Doğan Munzuroğlu: 4 Mayıs, Dersim’in idam fermanının resmi olarak imzalanmış halidir-VİDEO

PİRHA- Bugün, 4 Mayıs 1937’de Bakanlar Kurulu kararıyla gerçekleşen ‘Tunceli Tenkil Harekatı’nın, 87. yıldönümü. Araştırmacı-yazar Doğan Munzuroğlu, “4 Mayıs’ta yaşanan Dersim’in idam fermanının resmi olarak imzalanmış halidir. Devlet, Dersim’e sefer yaptığında, esas hedefi herhangi bir Kürdi mücadelenin oluşma tehlikesini engellemekti. Fakat bunun yanında Dersim’in Kızılbaş olması da devleti perçinliyor, motivasyonunu güçlendiriyor” dedi.

Bugün, 4 Mayıs 1937’de Bakanlar Kurulu kararıyla gerçekleşen ‘Tunceli Tenkil Harekatı’nın, Dersimlilerin deyimi ile de “Tertelenin” 87. yıldönümü. O gün alınan karar sonrasında Dersim’de çok büyük bir insanlık suçu işlendi.

1937-38 yıllarında Dersim’de yaşananlar, uluslararası hukuka göre soykırım olarak adlandırılıyor. Ancak aradan 87 yıl geçmesine rağmen devlet arşivleri açılmadı, o dönemde neler yaşandığının tespiti yapılmadı. Daha da önemlisi, bu konuda tam bir yüzleşme yaşanmadı.

Konuyla ilgili, kendisi de Dersimli olan araştırmacı, yazar Doğan Munzuroğlu PİRHA’ya konuştu.

“DERSİM UZUN YILLAR OSMANLI DEVLETİNİN UĞRAŞTIĞI BİR COĞRAFYA”

Dersim’in dağlık ve ormanlık yapısı nedeniyle uzun yıllar Osmanlı Devleti’nin uğraştığı bir coğrafya olduğunu belirten Doğan Munzuroğlu, şu değerlendirmeyi yaptı:

“Orada yaşayan halkların, daha çok isyankar, özgürlüğüne düşkün insanlar olması nedeniyle, devlet de bir türlü uzun süre bu toplumla barışık yaşayamamış. Cumhuriyetin kurulmasıyla birlikte Dersim bir çıbanbaşı olarak nitelendirilmeye devam edilmiş ve Dersim hakkında onlarca rapor hazırlanmış. Osmanlı döneminden başlayarak, Cumhuriyet dönemine kadar birçok rapor hazırlanmış. Birçoğunun fikri de ‘Dersim tedip edilmeli, tenkit edilmeli, ıslah edilmeli, sürgün edilmeli’ gibi sonuçlara varmış.

4 Mayıs 1937’de Atatürk’ün huzurunda bir Bakanlar Kurulu kararı alınıyor.

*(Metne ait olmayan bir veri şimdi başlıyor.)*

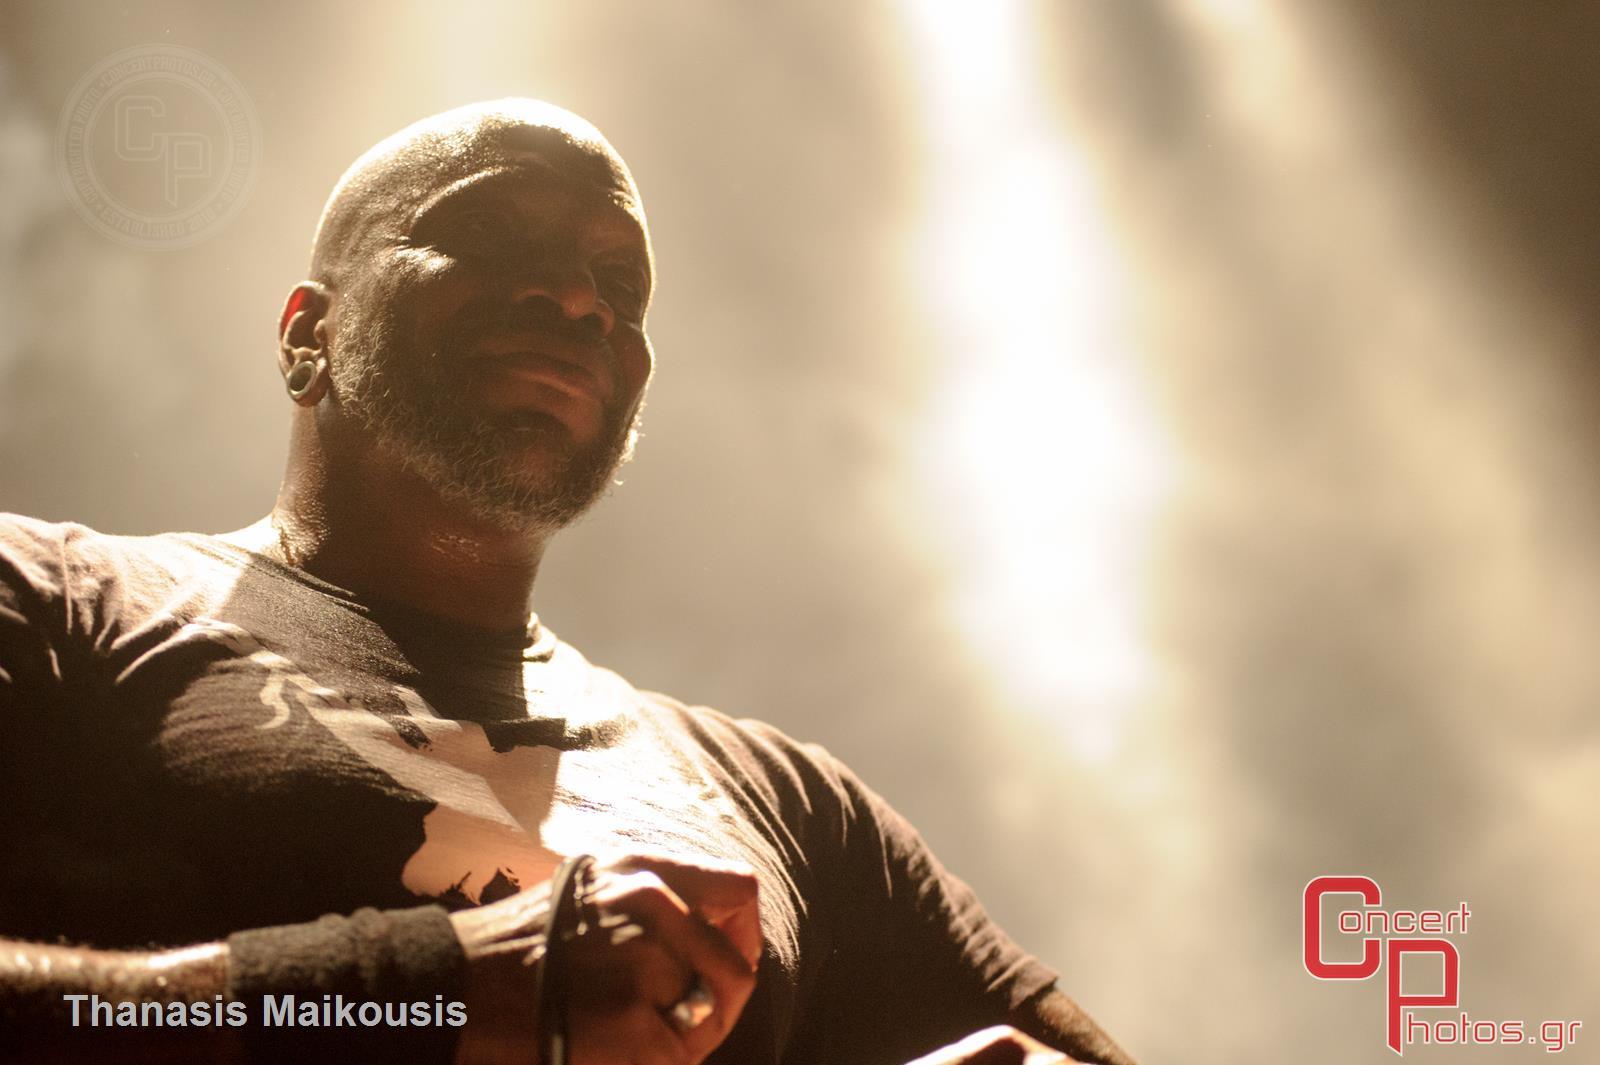 Sepultura-Sepultira photographer: Thanasis Maikousis - concertphotos_20140703_22_14_21

Bu defa bir sonuca varıyorlar. İsyan eden şahsiyetleri ya da ‘bizim tehlikeli olarak gördüğümüz şahsiyetleri öldürüp, gerisini yerinde bırakmak doğru değil’ diyorlar. Elden geldiğince suç işlemiş ya da devlete karşı suçlu olan kişileri yok edip geriye kalan halkı da başka bölgelere sürgün etmek gibi bir karara varıyorlar.

“CELAL BAYAR YÖNETİMİNDE TOPTAN YOK ETME SÜRECİ BAŞLATILDI”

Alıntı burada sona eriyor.